Gedo Education Committee or GEC for short is an education service organization which is based in south west Somali region of Gedo.

History
GEC was created to unite the school systems in the seven districts of Gedo region. Gedo Region's seven school districts are Beled Hawo, Bardera, Buurdhuubo, Doolow, El Wak, Garbaharey and Luuq.

Background
For more than a decade, starting mid 1990s, disconnected schools appeared all across Gedo region. GEC chairman Ahmed Abdirahman Kaynan, thought of creating a center which caterers to all school districts in terms of unified curriculum and exam board center.

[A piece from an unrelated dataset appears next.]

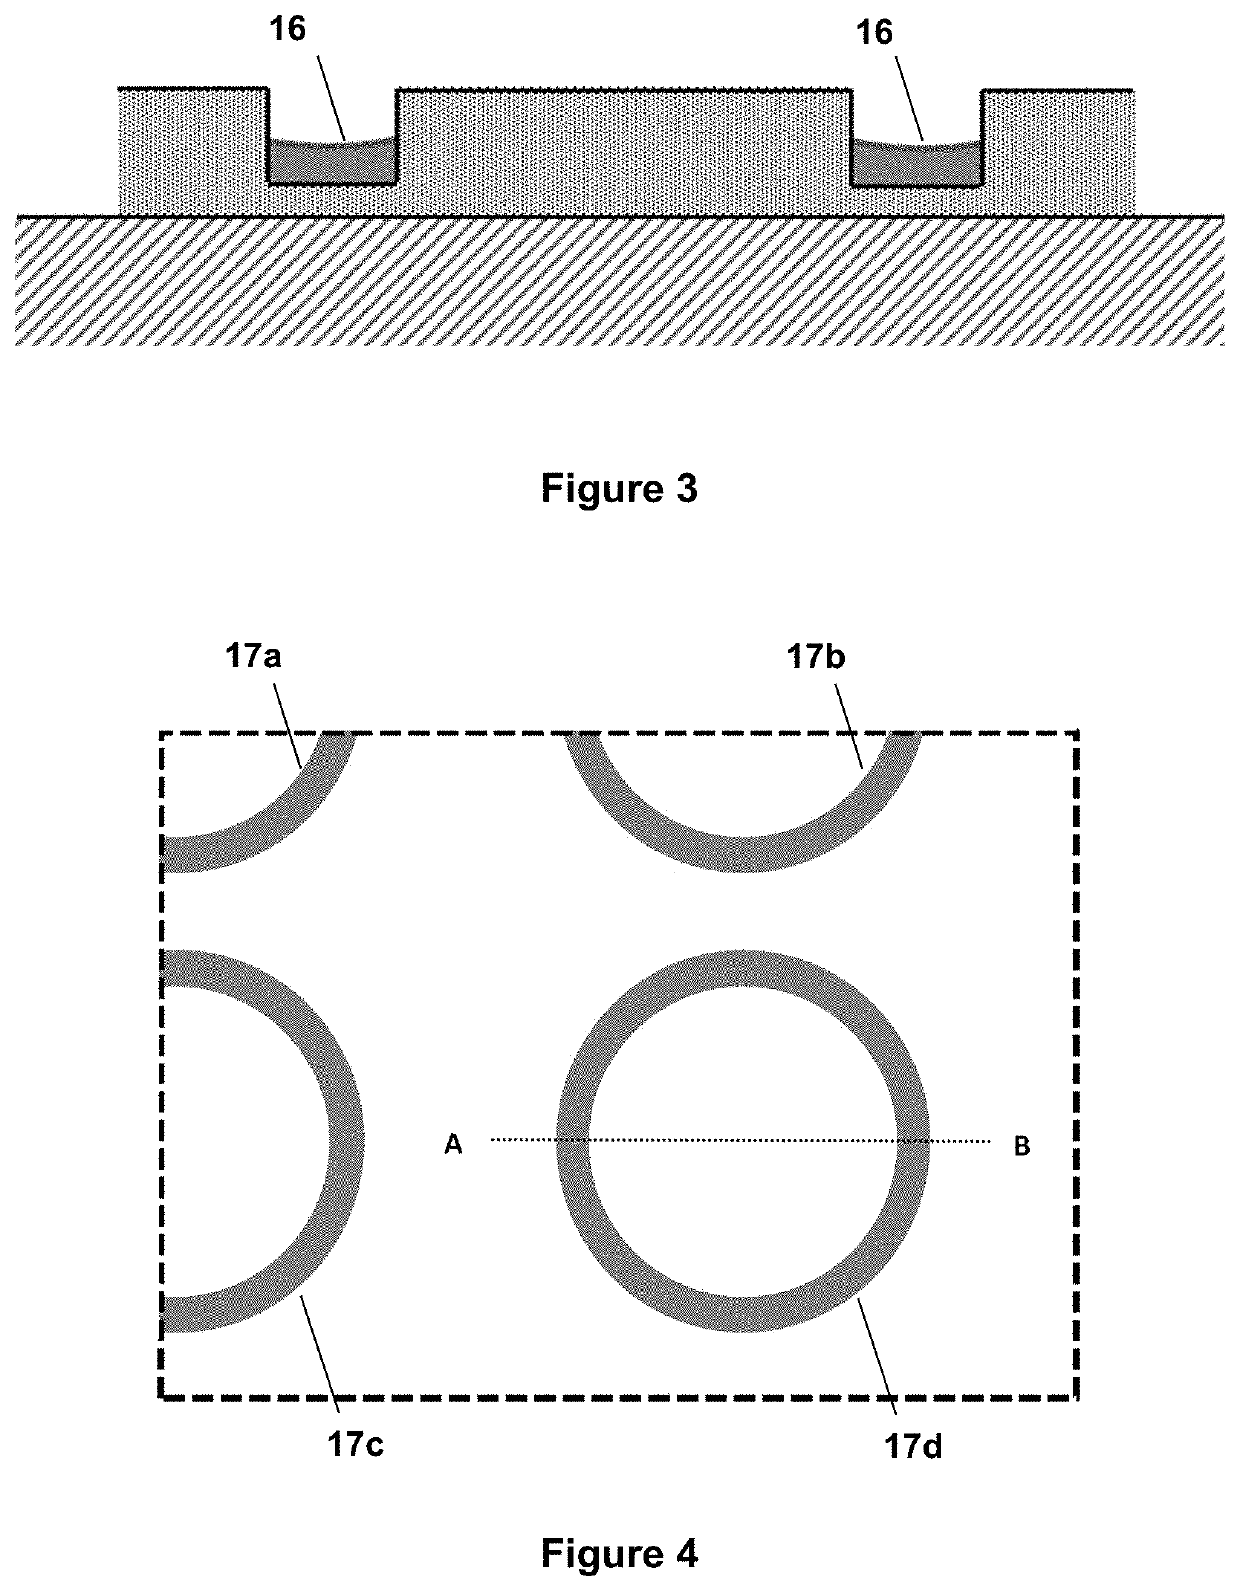 Method of producing micro-image elements on a substrate

Mr. Kaynan has long experience in working with educational institutions and setting up school boards. Uniting schools from seven school boards in all seven districts of Gedo will create an estimated student body of 60,000 students from grade one to grade 12.

GEC Location
GEC is headquartered in Bardera, Gedo's largest city. All cities from Dolow to El Wak will have representatives sitting in the administration office.

GEC Teacher Training Services
One of the GEC's important activities will be offering annual teacher training opportunities in Gedo region as well as seminars designed to enhance teachers' qualities.

Teacher training services will increase the available pool teachers in Gedo where districts can draw more teacher for their school systems.

Exam Board
GEC's exam board is based in Bardera. Some of the task this office performs include preparing exams for all districts and grading final exams collected from grade and the last year of high school as the custom is in East Africa school systems.

Schools Needing Urgent Curriculum Cohesion
Currently, towns in Gedo which have the largest school populations are Bardera, Beled Hawo, Garbaharey, El Ade, Luuq, Buurdhuubo, and Doolow. Only Bardera, Garbaharey, Beled Hawo and El Ade have up to secondary schools. El Wak and Dolow have the least district level school developments.

High school students from Gedo region have an opportunity to be part of new in-takes from the University of Gedo and Bardera Polytechnic. Each year about 300 students will find tertiary study spots at these institutions and they are both based in Bardera.